↓
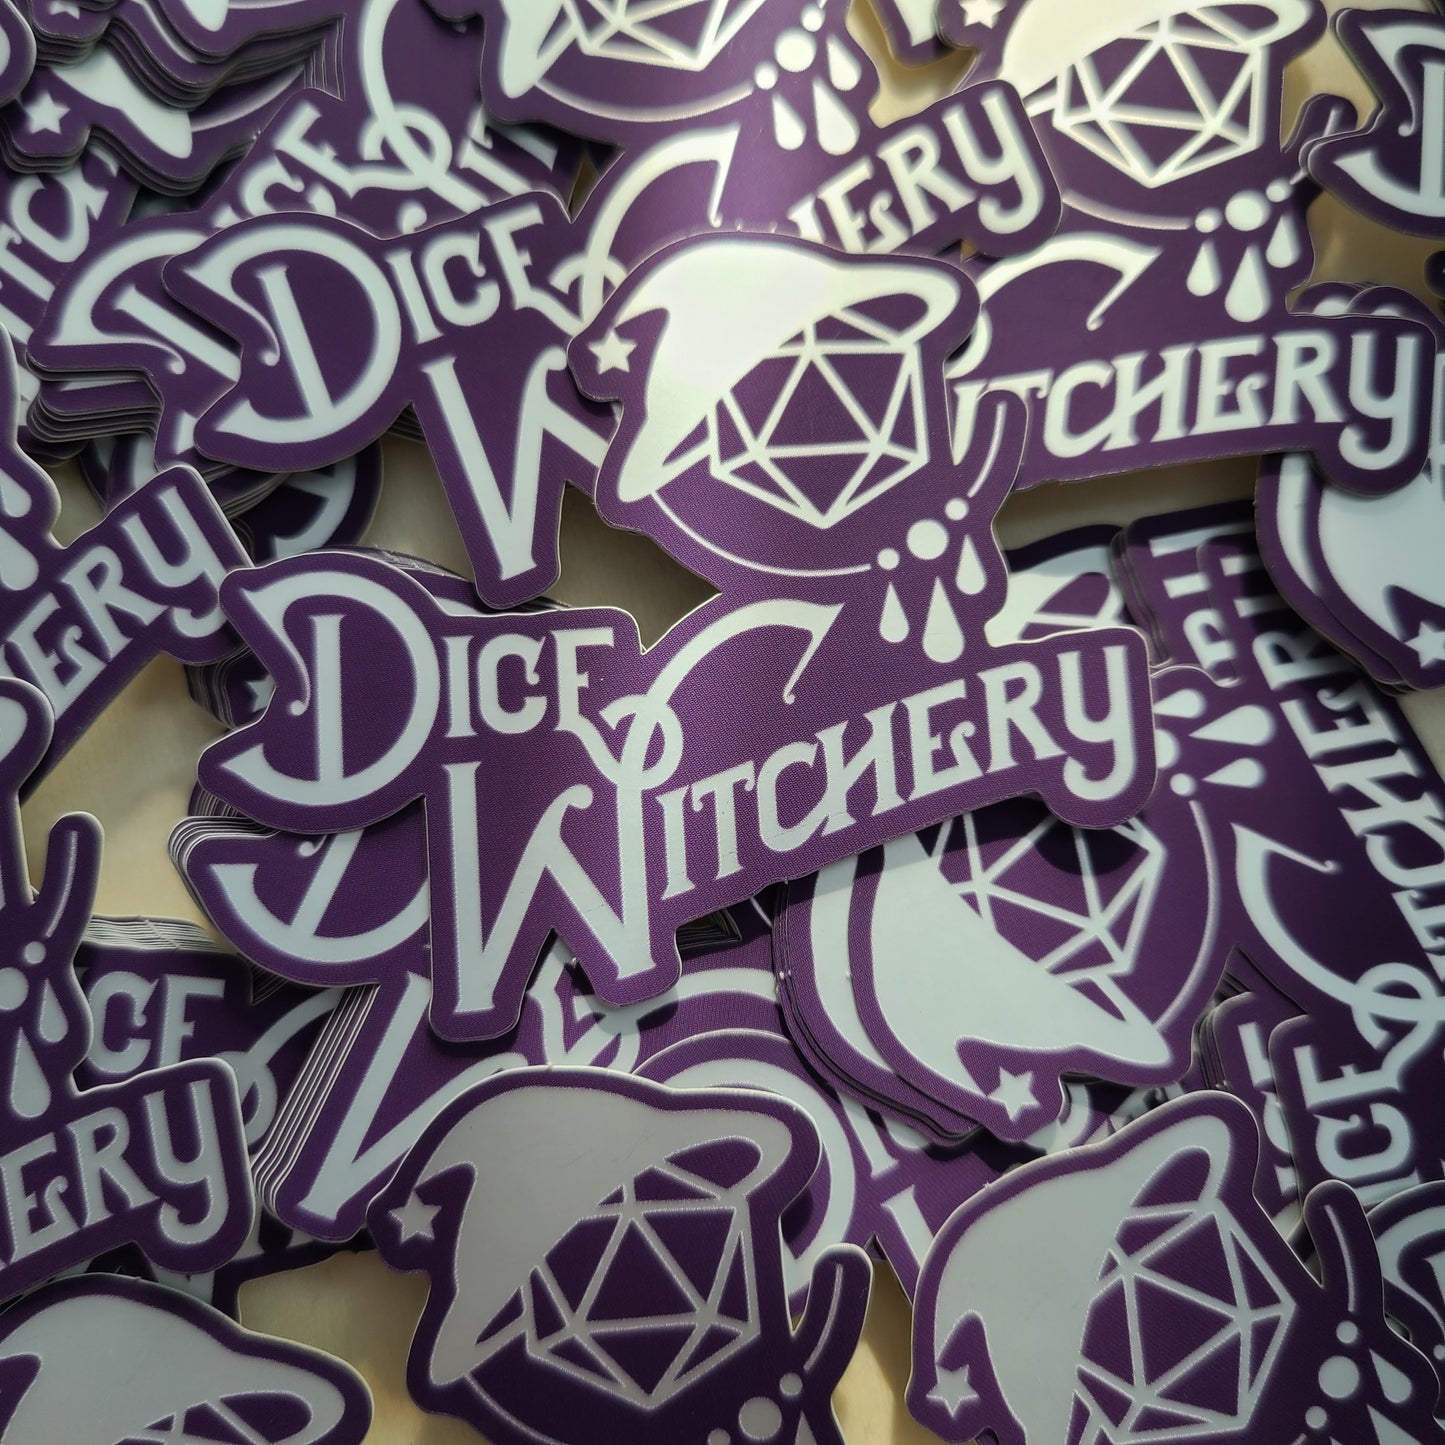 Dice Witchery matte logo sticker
↑
↓
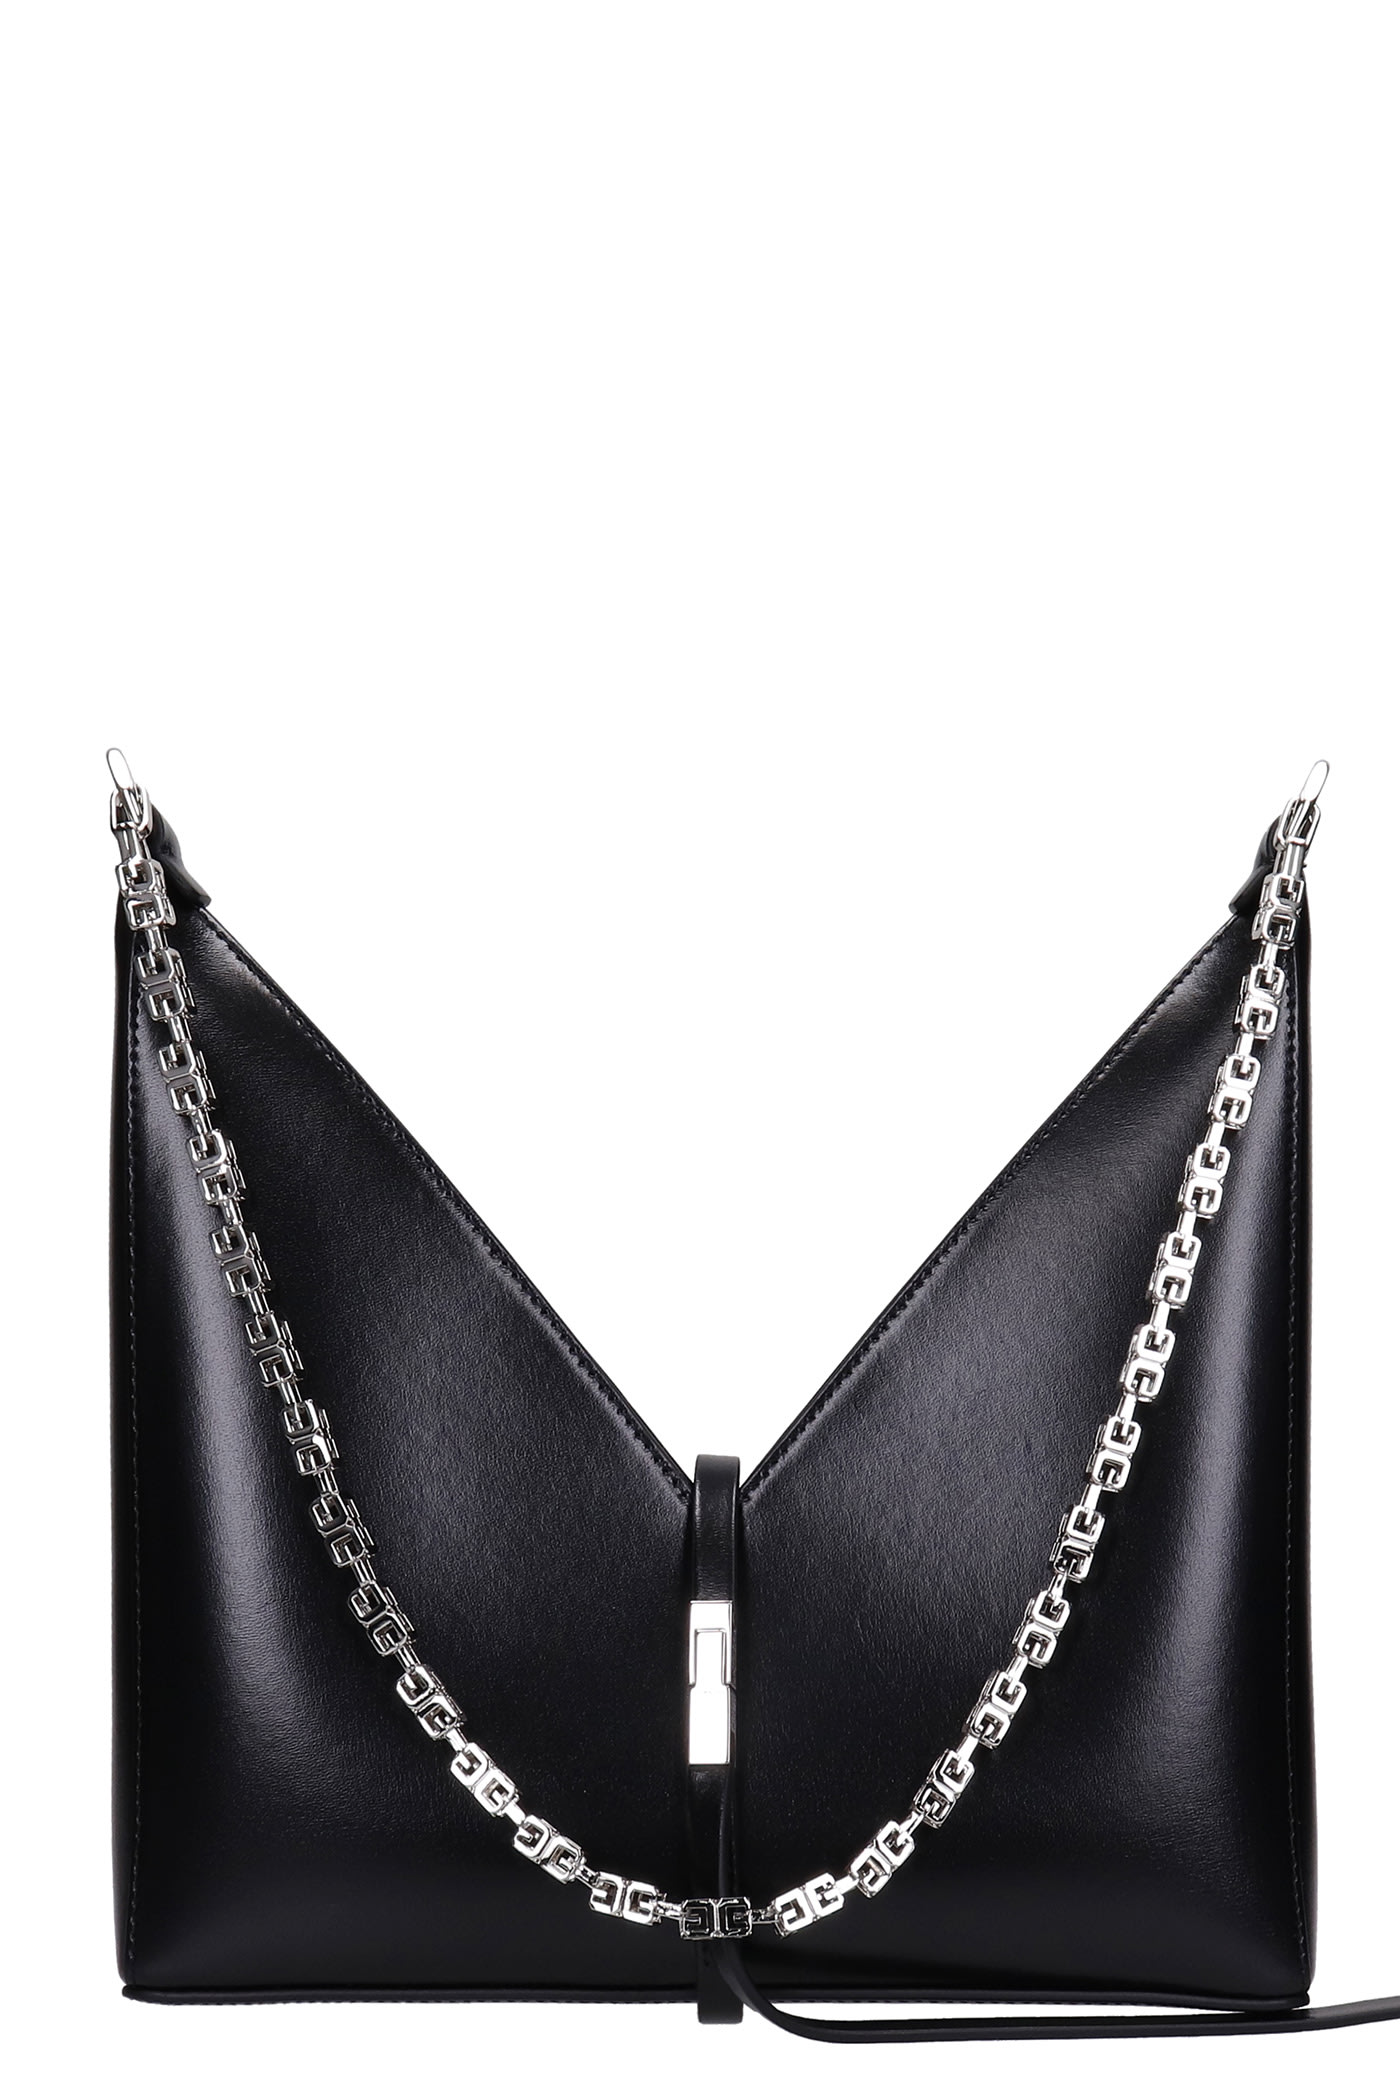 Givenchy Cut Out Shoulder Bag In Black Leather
↑
↓
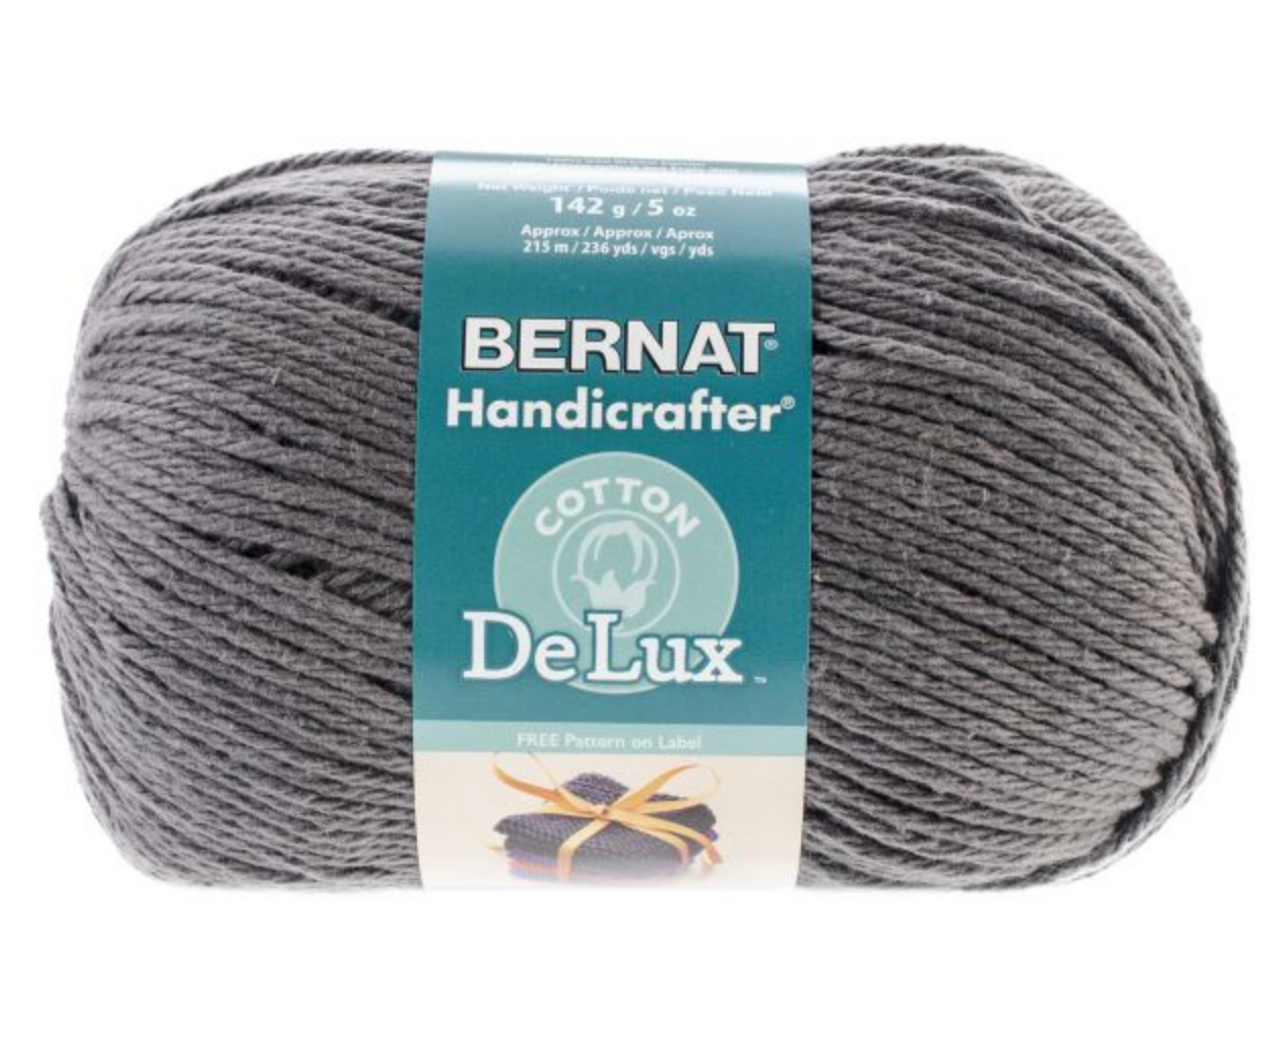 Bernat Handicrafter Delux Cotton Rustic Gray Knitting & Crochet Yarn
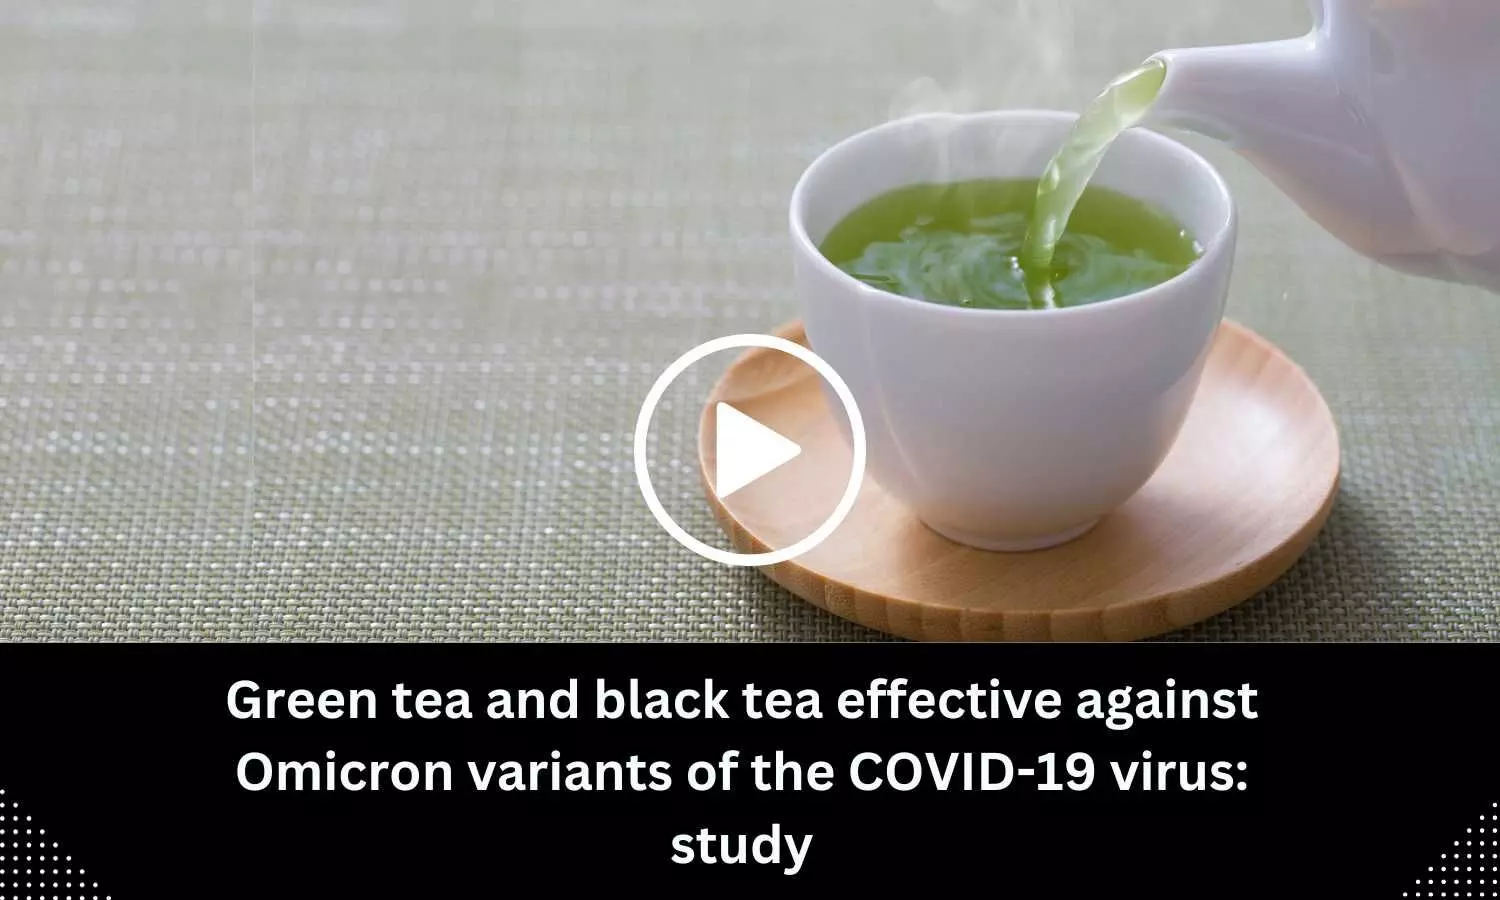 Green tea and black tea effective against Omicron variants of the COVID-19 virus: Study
↑
Problem to work on ▸
Nothing but the lines from the one with "Bernat Handicrafter Delux" to the one with "Green tea and" above, both included, should be transcribed, exactly and without pictures.

Response box ▸
 Bernat Handicrafter Delux Cotton Rustic Gray Knitting & Crochet Yarn
 Green tea and black tea effective against Omicron variants of the COVID-19 virus: Study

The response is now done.